Throughout her life she wrote poetry, which in the 1940s, 1950s and 1960s appeared in many of the major journals and other well known publications, including: Poetry Review, The New English Weekly, The Fortnightly, The Spectator, The Tablet, and The Times Literary Supplement. She was admired by leading writers of her day such as T. S. Eliot, Robert Graves, and Dame Muriel Spark (who credited Birtwistle with her conversion to Catholicism).[6]

In the 1950s she adopted three sons and settled in Walberswick, Suffolk, where she opened the first of her unique art galleries.
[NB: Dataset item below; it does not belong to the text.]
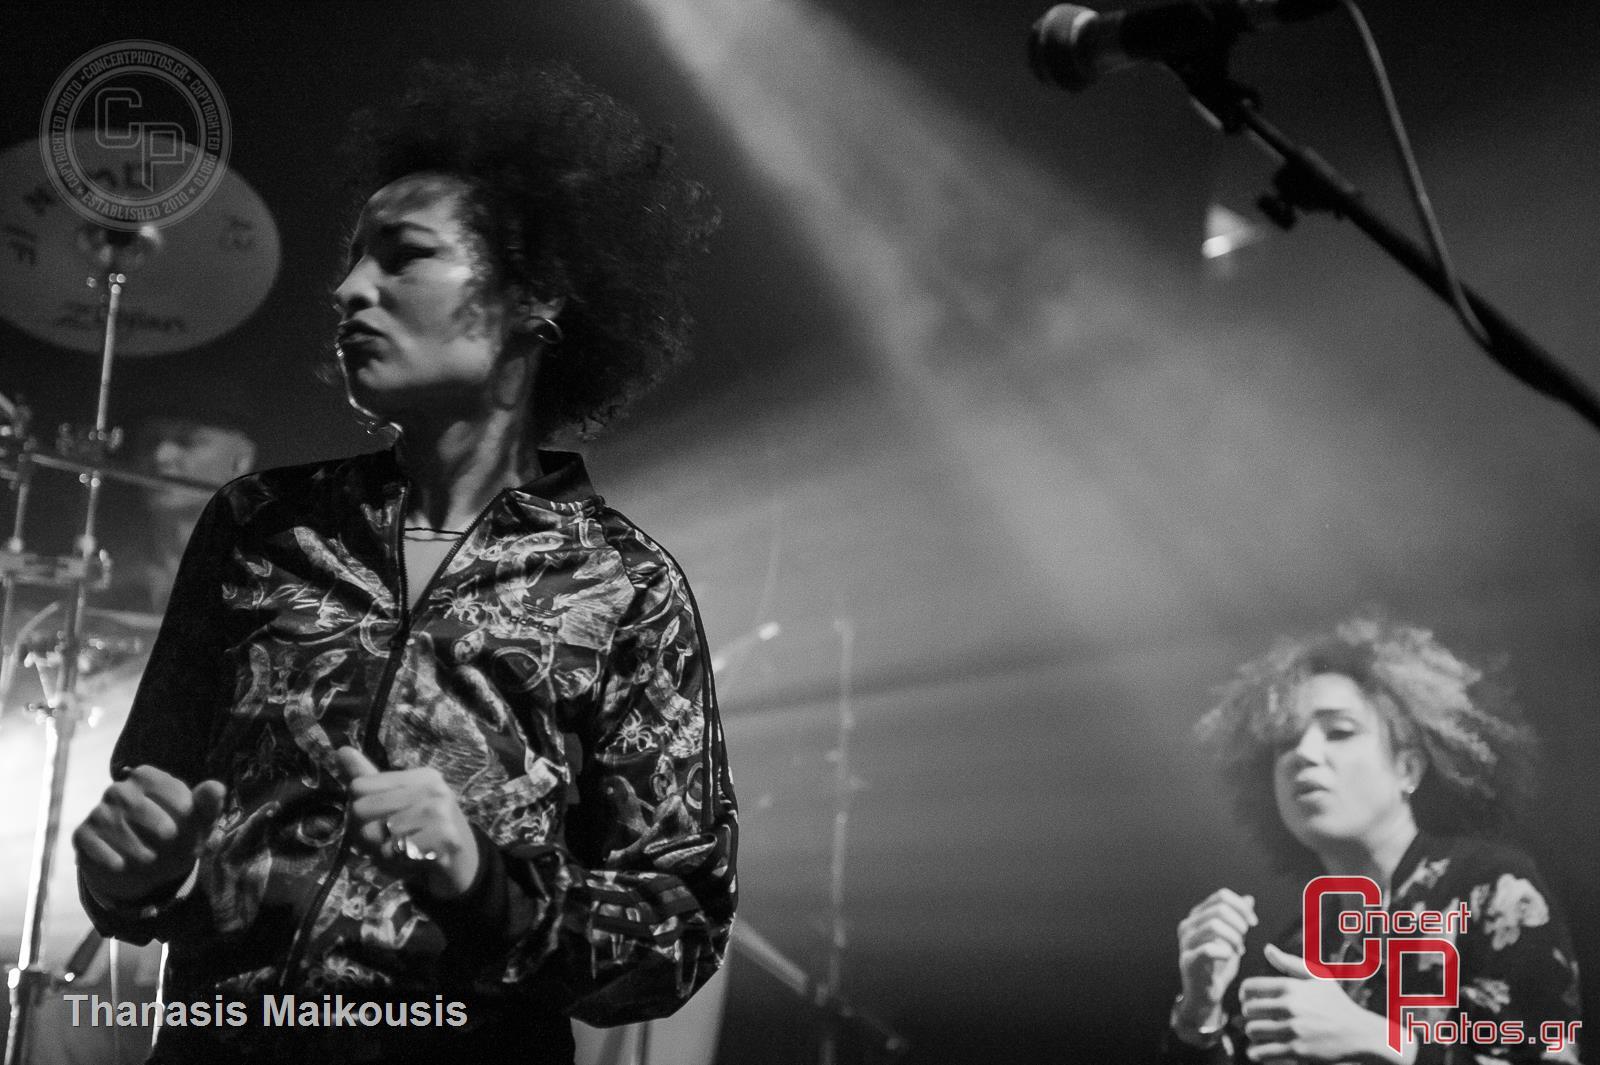 Stereo Mc's-Stereo Mcs photographer: Thanasis Maikousis - ConcertPhotos - 20141129_2306_15

Jennifer Lash lived with her there for a period of time, and was introduced to her future husband, Mark Fiennes, by Birtwistle.[7] There, Birwistle championed the Royal Academicians Mary Potter, Mary Newcomb, Jeffrey Camp and Philip Sutton.[8] She nurtured young talent, and sold early work of a young David Hockney.[9] In the late 1960s and early 1970s she had a small gallery in Aldeburgh.[10]

Although she continued to write poetry all her life, from the 1960s onwards being increasingly absorbed by her family and her galleries she wrote less and less. Her last poem was written in 1999 to celebrate the marriage of singer Nick Cave to model Susie Bick.[11]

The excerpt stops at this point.